Parallel factor analysis was applied to characterize the DOM fluorescence signal using MATLAB software (MATLAB® 7.7.0, The MathWorks, Natick, USA, 2008) and the DOMFluor toolbox (Stedmon & Bro, 2008). PARAFAC decomposes the EEMS dataset in to a series of tri-linear components, which explains the variability in fluorescence characteristics of the dataset. Prior to PARAFAC modeling, data in the region of second-order scatter was deleted (emission wavelength >500 nm). First-order scattering from water was removed by inserting a band of zeros where excitation was greater than emission, starting at 298 nm. Steps to perform PARAFAC analysis included the identification of outliers, minimization of sum of squares residuals, identification of the appropriate number of PARAFAC components, random initialization with 10 iterations, and model validation using split-half analysis (Stedmon & Bro, 2008). Accordingly, six PARAFAC components were found to provide a robust description of DOM fluorescence within the dataset. Four of the six components had multiple excitation loadings, and all emission loadings had smooth uni-modal peaks, as expected for fluorophores (Andersen & Bro, 2003). In addition to assessing the intensity of each PARAFAC component (Ci), the relative fluorescence intensity of each component was expressed as a percentage (%Ci) of the sum of all six component intensities (∑Ci) using, %Ci = Ci/∑Ci × 100%. To evaluate the robustness of the six-component PARAFAC model in describing fluorescence characteristics of lake DOM across the Swedish landscape, we calculated the accumulated sum of squares error across excitation and emission wavelengths for three distinct subregions of the country and compared the results. The three subregions were as follows: Northern Alpine, Northern Lowlands, and Southern Lowlands.
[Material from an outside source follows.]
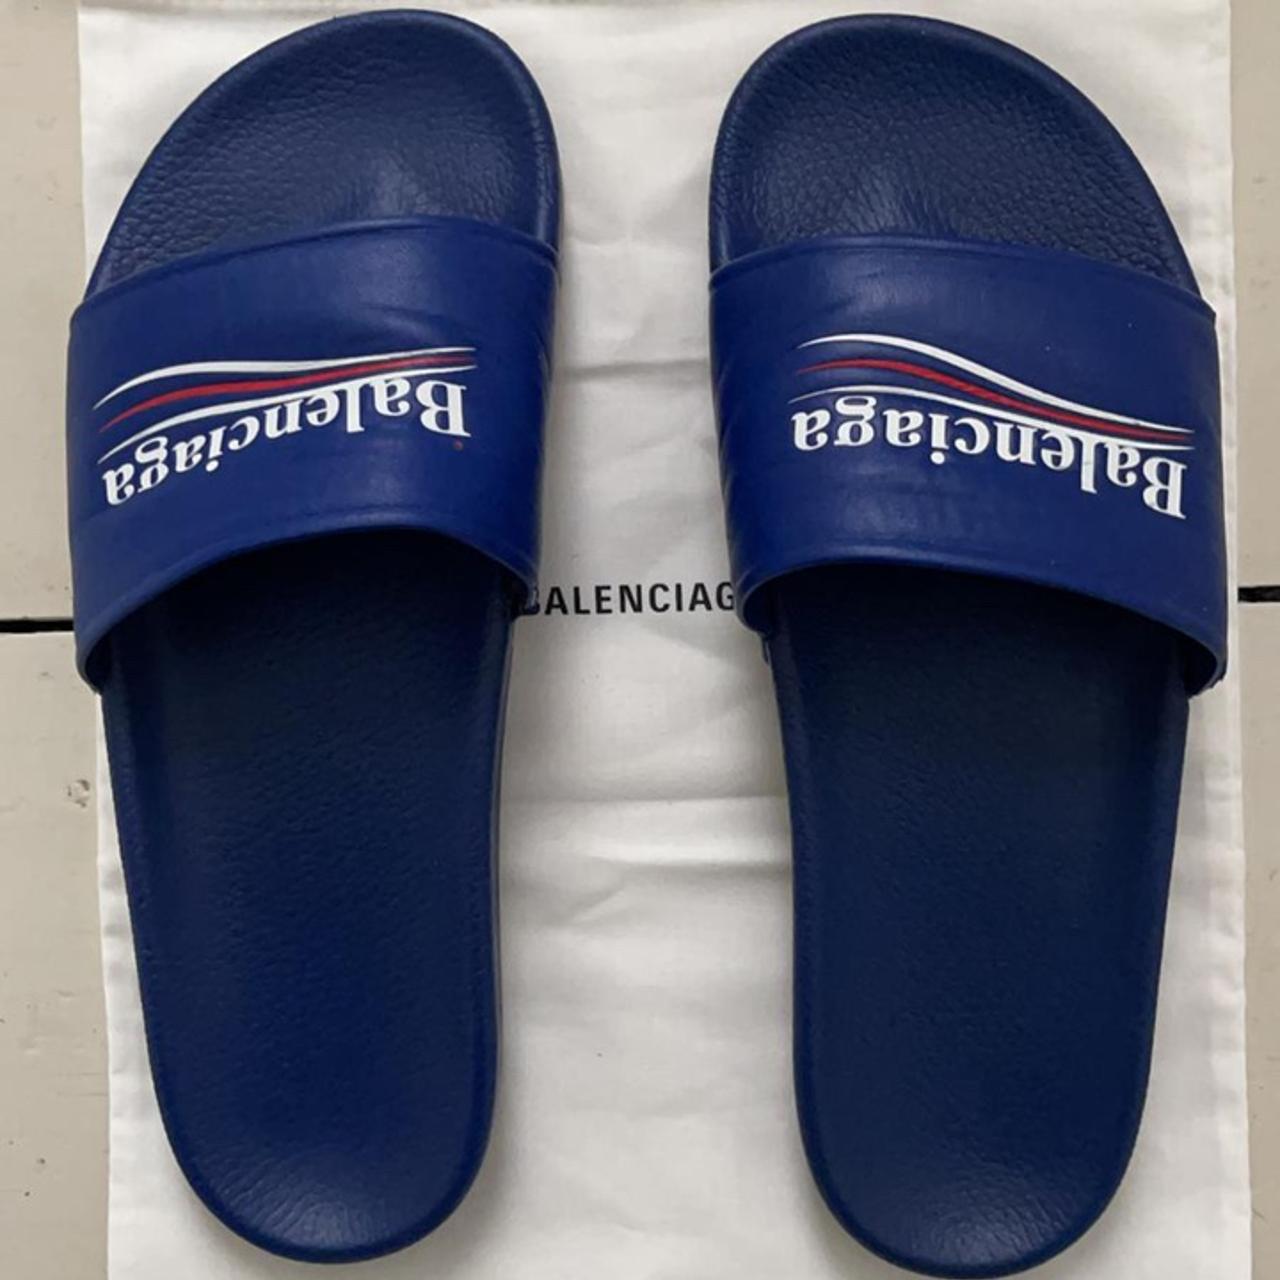 Balenciaga Slides in blue. Great condition - worn... - Depop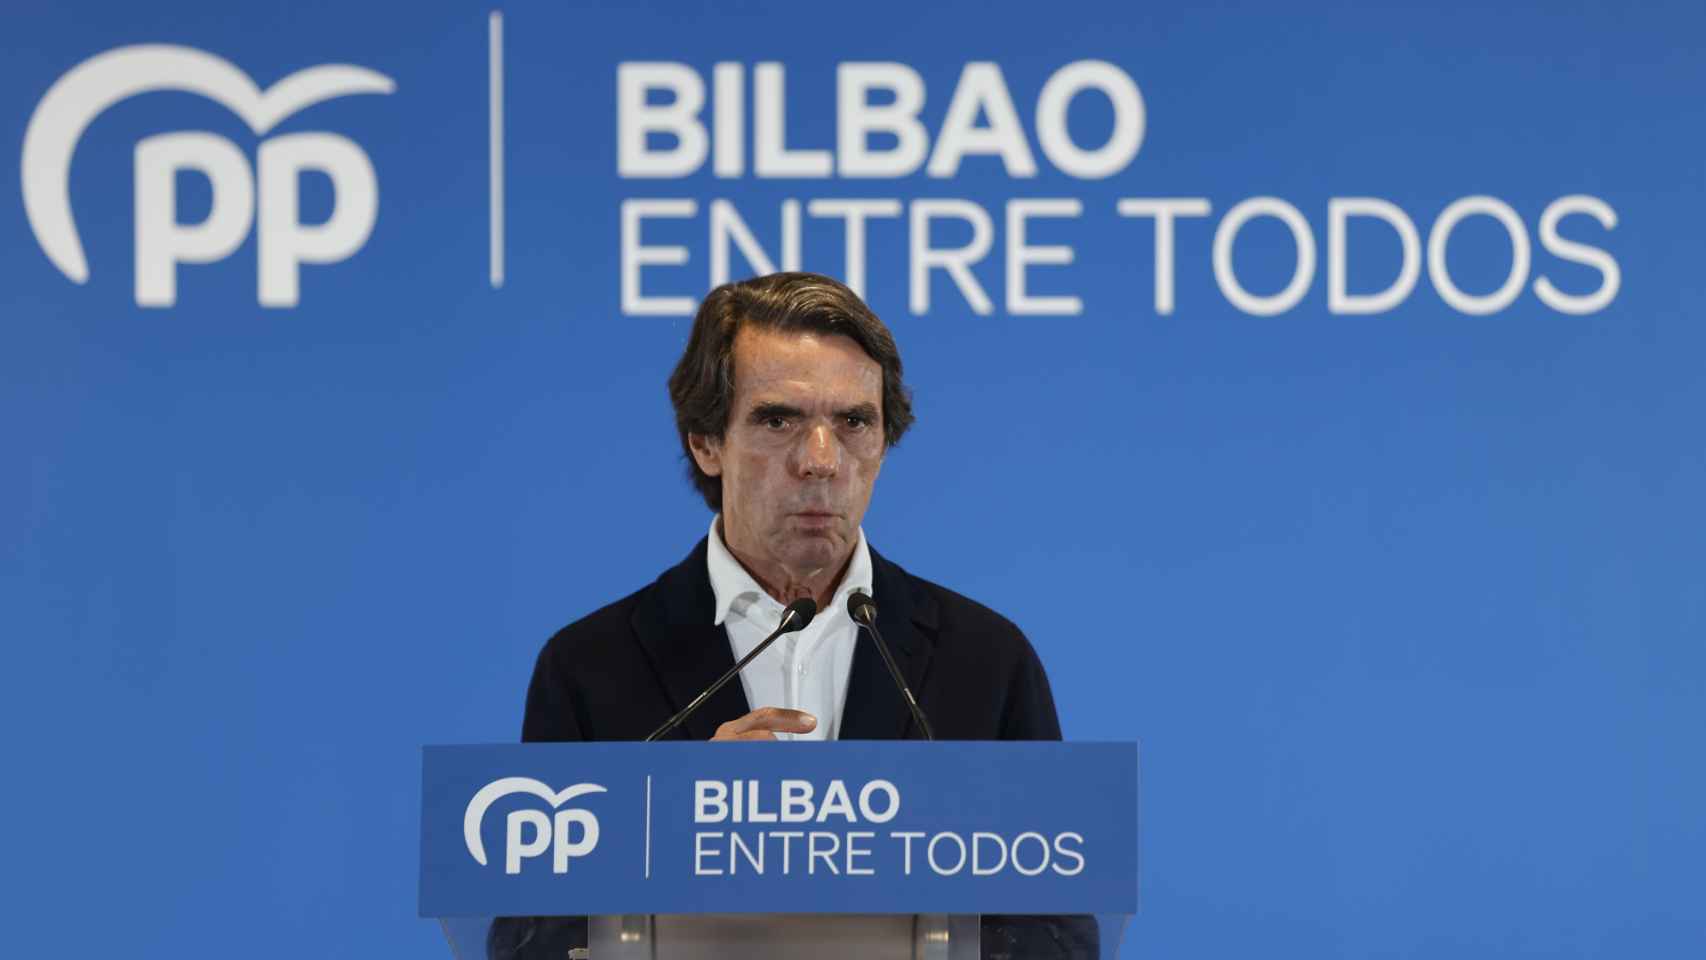 El expresidente del Gobierno José María Aznar, durante un mitin electoral en Bilbao / Luis Tejido - EFE

Testing the robustness of PARAFAC Components

A total of six fluorescing PARAFAC components were identified (Fig. S1; Tables S1 and S2). Visual inspection of residual EEM spectra ensured that unaccounted fluorescence was near the baseline for each sample, with residual fluorescence <10% of measured fluorescence intensity. In addition, we did not find any systematic pattern of residual fluorescence by visually examining the average root mean squared error summed across excitation (= 40) and emission (= 76), even when the dataset was divided into three distinct subregions of Sweden (Fig. S2). The analysis of residuals along with split-half validation (Stedmon & Bro, 2008) ensured the six-component PARAFAC model was a robust description of lake DOM fluorescence.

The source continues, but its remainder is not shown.